All of the other stories for preventing catastrophe that I mentioned in the grandparent are tackling a hopefully easier problem than “detect whether an arbitrary neural net is dangerous”.
Indeed, but I don’t think this was the crux of my objection.
The story you have is “the developers build a few small neural net modules that do one thing, mechanistically understand those modules, then use those modules to build newer modules that do ‘bigger’ things, and mechanistically understand those, and keep iterating this until they have an AGI”. Does that sound right to you? If so, I agree that by following such a process the developer team could get mechanistic transparency into the neural net the same way that laptop-making companies have mechanistic transparency into laptops.
The story I took away from this post is “we do end-to-end training with regularization for modularity, and then we get out a neural net with modular structure. We then need to understand this neural net mechanistically to ensure it isn’t dangerous”. This seems much more analogous to needing to mechanistically understand a laptop that “fell out of the sky one day” before we had ever made a laptop.

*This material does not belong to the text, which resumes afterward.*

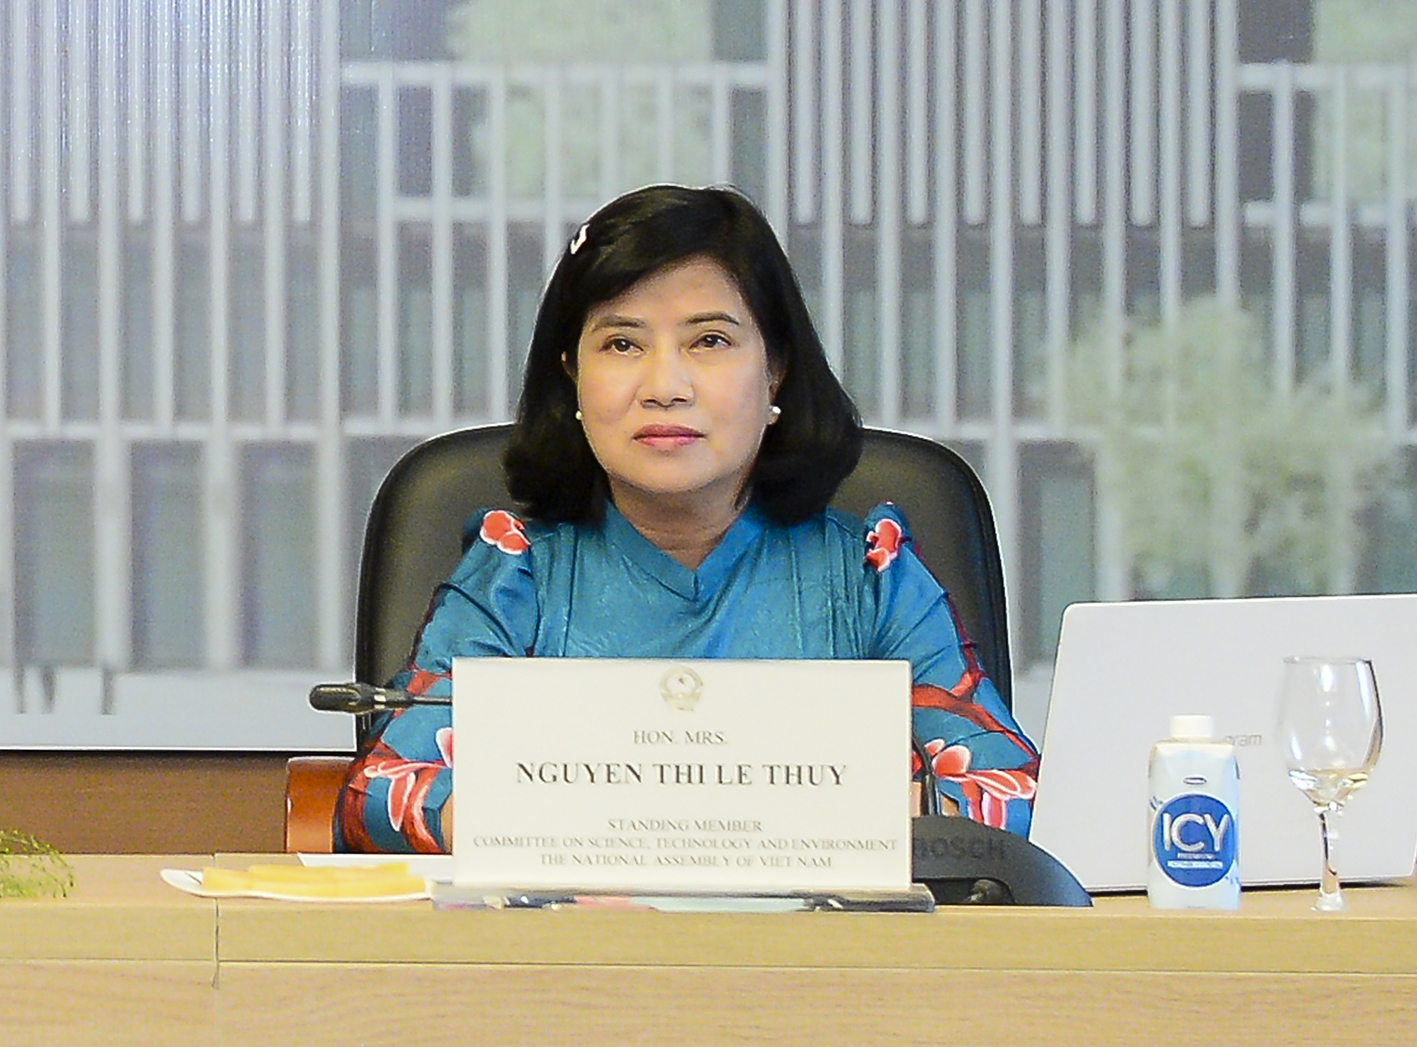 Ủy viên Thường trực Ủy ban Khoa học, Công nghệ và Môi trường Nguyễn Thị Lệ Thủy chia sẻ kinh nghiệm của Quốc hội Việt Nam trong thực hiện các mục tiêu ứng phó với biến đổi khí hậu

My critiques are primarily about the second story. My critique of the first story would be that it seems like you’re sacrificing a lot of competitiveness by having to develop the modules one at a time, instead of using end-to-end training.

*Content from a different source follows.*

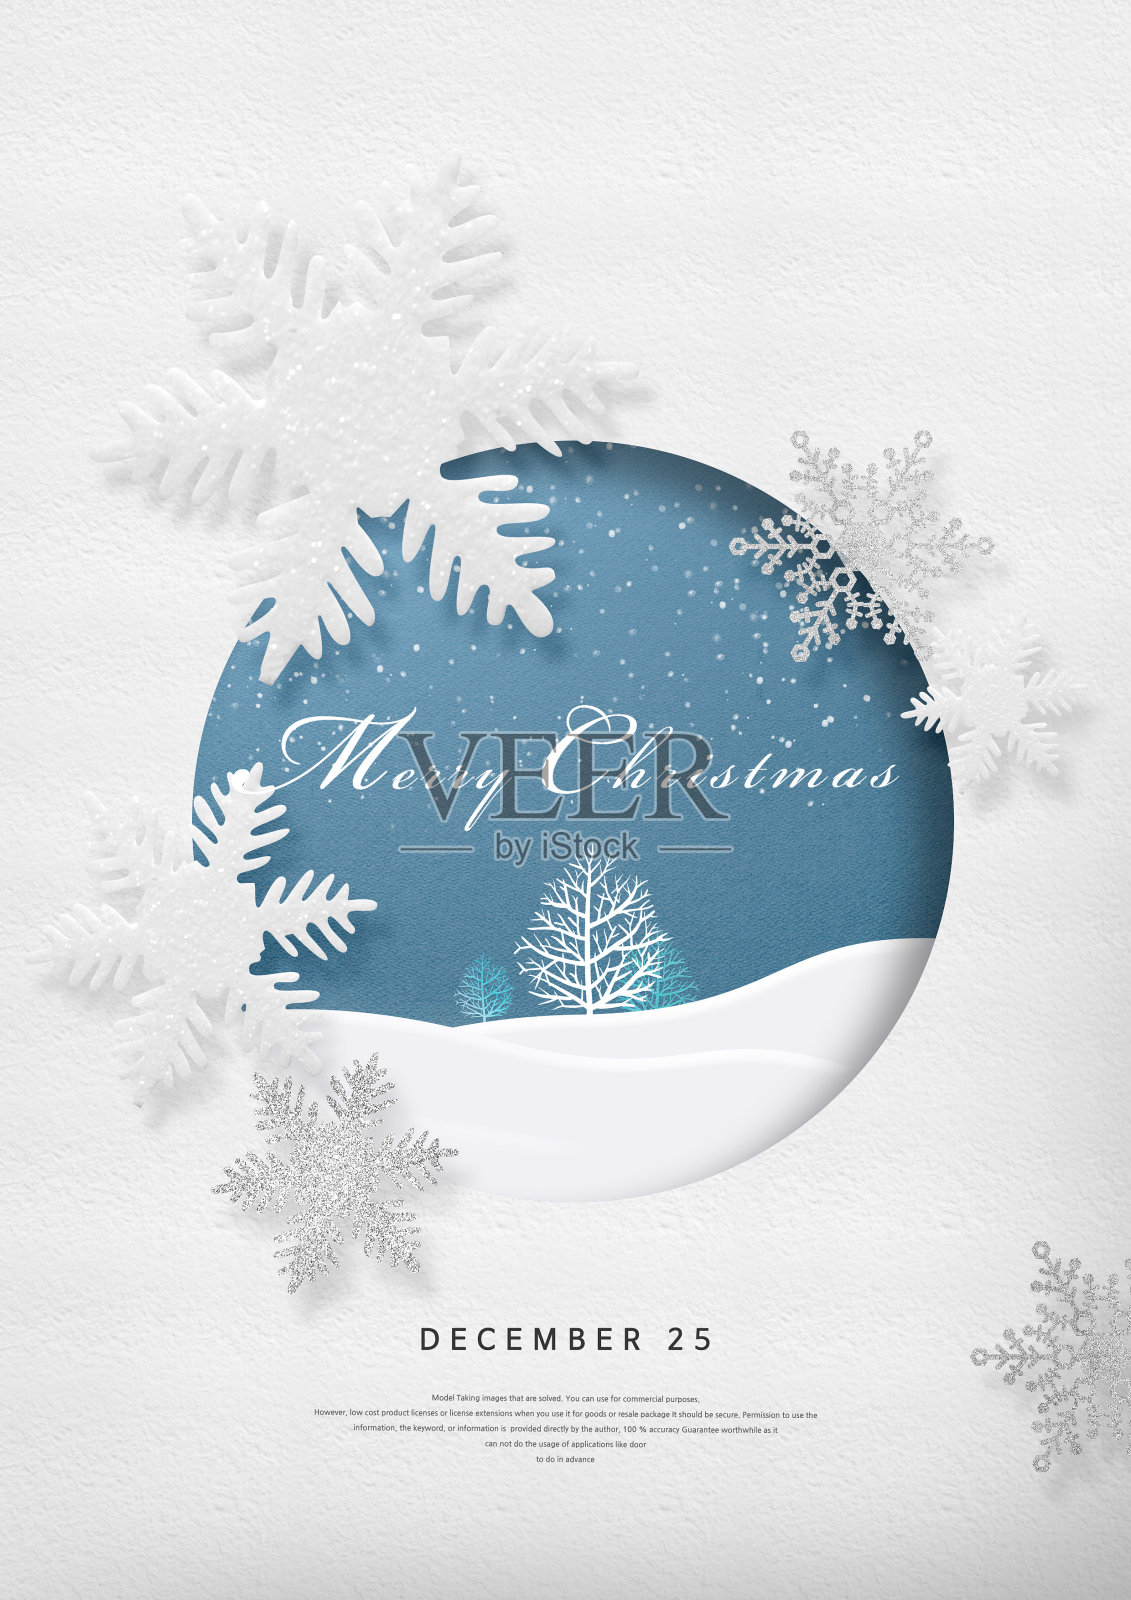 冬天,季节,背景,圣诞节装饰,圣诞节,圣诞贺卡设计模板素材

You could imagine a synthesis of the two stories: train a medium-level smart thing end-to-end, look at what all the modules are doing, and use those modules when training a smarter thing.
Oops yes. That’s the weaker claim, that I agree with. The stronger claim is that because we can’t understand something “all at once” then mechanistic transparency is too hard and so we shouldn’t take Daniel’s approach. But the way we understand laptops is also in a mechanistic sense. No one argues that because laptops are too hard to understand all at once, then we should’t try to understand them mechanistically.

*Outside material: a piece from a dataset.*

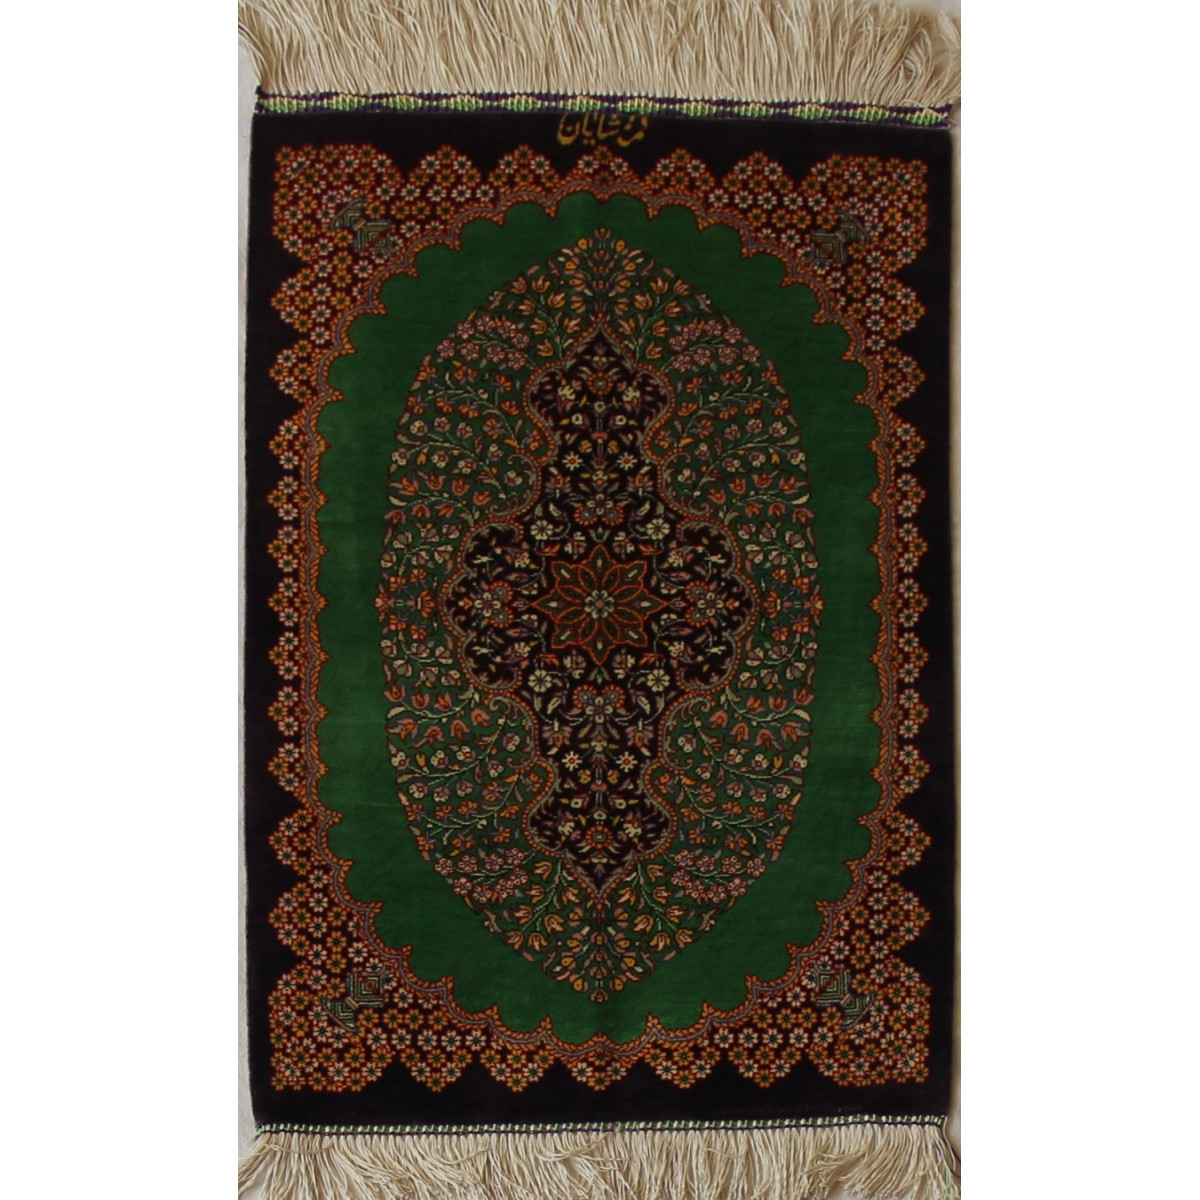 Qom Persian Silk Rug - PRQ1011-Persian Handicrafts

I didn’t assume that. I objected to the specific example of a laptop as an instance of mechanistic transparency being too hard. Laptops are normally understood well because understanding can be broken into components and built up from abstractions. But each our understanding of each component and abstraction is pretty mechanistic—and this understanding is useful.
Furthermore, because laptops did not fall out of the sky one day, but instead slowly built over successive years of research and development, it seems like a great example of how Daniel’s mechanistic transparency approach does not rely on us having to understand arbitrary systems. Just as we built up an understanding of laptops, presumably we could do the same with neural networks. This was my interpretation of why he is using Zoom In as an example.
Indeed, but I don’t think this was the crux of my objection.
Okay, I think I see the miscommunication.
The story you have is “the developers build a few small neural net modules that do one thing, mechanistically understand those modules, then use those modules to build newer modules that do ‘bigger’ things, and mechanistically understand those, and keep iterating this until they have an AGI”. Does that sound right to you? If so, I agree that by following such a process the developer team could get mechanistic transparency into the neural net the same way that laptop-making companies have mechanistic transparency into laptops.
The story I took away from this post is “we do end-to-end training with regularization for modularity, and then we get out a neural net with modular structure. We then need to understand this neural net mechanistically to ensure it isn’t dangerous”. This seems much more analogous to needing to mechanistically understand a laptop that “fell out of the sky one day” before we had ever made a laptop.
My critiques are primarily about the second story. My critique of the first story would be that it seems like you’re sacrificing a lot of competitiveness by having to develop the modules one at a time, instead of using end-to-end training.
You could imagine a synthesis of the two stories: train a medium-level smart thing end-to-end, look at what all the modules are doing, and use those modules when training a smarter thing.